Rechtsanwalt, Fachanwalt für Erbrecht, Obrigheim bei Mosbach
06.11.2012

Einsichtnahmerecht in Unterlagen für Miterben

Der (verkürzte) Fall: 
Zwei Miterben erwirkten gegen den Schuldner einen vollstreckbaren Titel dahingehend, dass er der Erbengemeinschaft Einsichtnahme in die Pflegedokumentation nebst zugehörigen Medikamentenspiegels sowie des Ess- und Trinkspiegels des Erblassers für bestimmte Zeiträume vor dem Tod des Verstorbenen zu gewähren hatte. 
Einer der Miterben beauftragte den Gerichtsvollzieher damit, dem Schuldner die Unterlagen wegzunehmen, um sie ihm danach zur Einsichtnahme zur Verfügung zu stellen. Der Gerichtsvollzieher lehnte dies ab, weil der Gläubiger keine Vollmacht des weiteren Miterben hierfür vorlegen konnte. 
Der Gläubiger wehrt sich gegen die Weigerung des Gerichtsvollziehers. 


Die Entscheidung des AG Augsburg: 
Das AG Augsburg ordnet die Zwangsvollstreckung unter § 883 ZPO analog ein. Wegen der im Vollstreckungstitel als Gläubiger genannten Erbengemeinschaft kann die Zwangsvollstreckung nur zugunsten der Erbengemeinschaft, nicht aber zugunsten eines einzelnen Miterben begehrt werden.
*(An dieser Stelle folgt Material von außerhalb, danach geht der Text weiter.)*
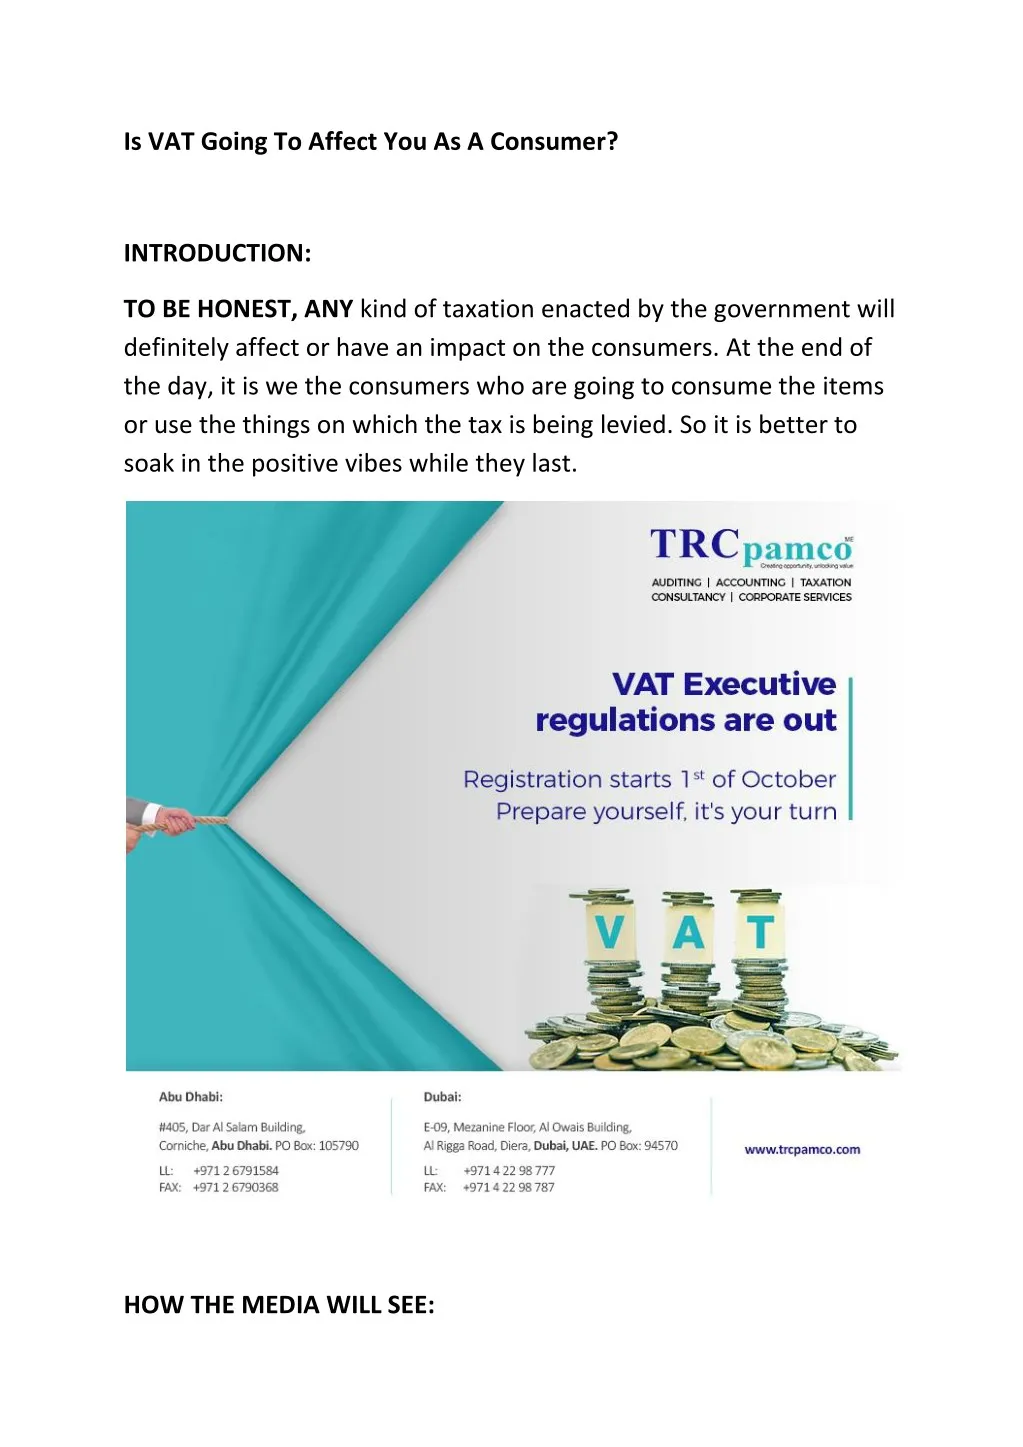 is vat going to affect you as a consumer

Dies ergibt sich aus der Bindung des Gerichtsvollziehers an den Titelinhalt, § 750 I ZPO. Bei einer Erbengemeinschaft sind alle Miterben als Gesamthandsgläubiger anzusehen, sodass die Vollstreckung nur zugunsten aller Miterben möglich ist. 
Die Einsichtnahme muss daher allen Miterben gleichzeitig gewährt werden, ausser wenn alle Gläubiger einen Miterben zur Einsichtnahme bevollmächtigten. Hieran fehlte es allerdings. 
Zu einer zeitlich versetzten, z.B. mehrfachen Einsichtnahme durch mehrere Miterben nacheinander, ist der Titelschuldner hingegen nicht verpflichtet, da er nur eine einmalige Leistung durch Einsichtnahme zu gewähren hat. 

Praxishinweis für Sie: 
Die Entscheidung liegt auf der Linie der herrschenden Meinung, auch wenn die Einsichtnahme in Unterlagen bei mehreren Miterben praktische Probleme aufwirft. Diese können dadurch gelöst werden, dass ein Miterbe Vollmacht für die Einsichtnahme erhält.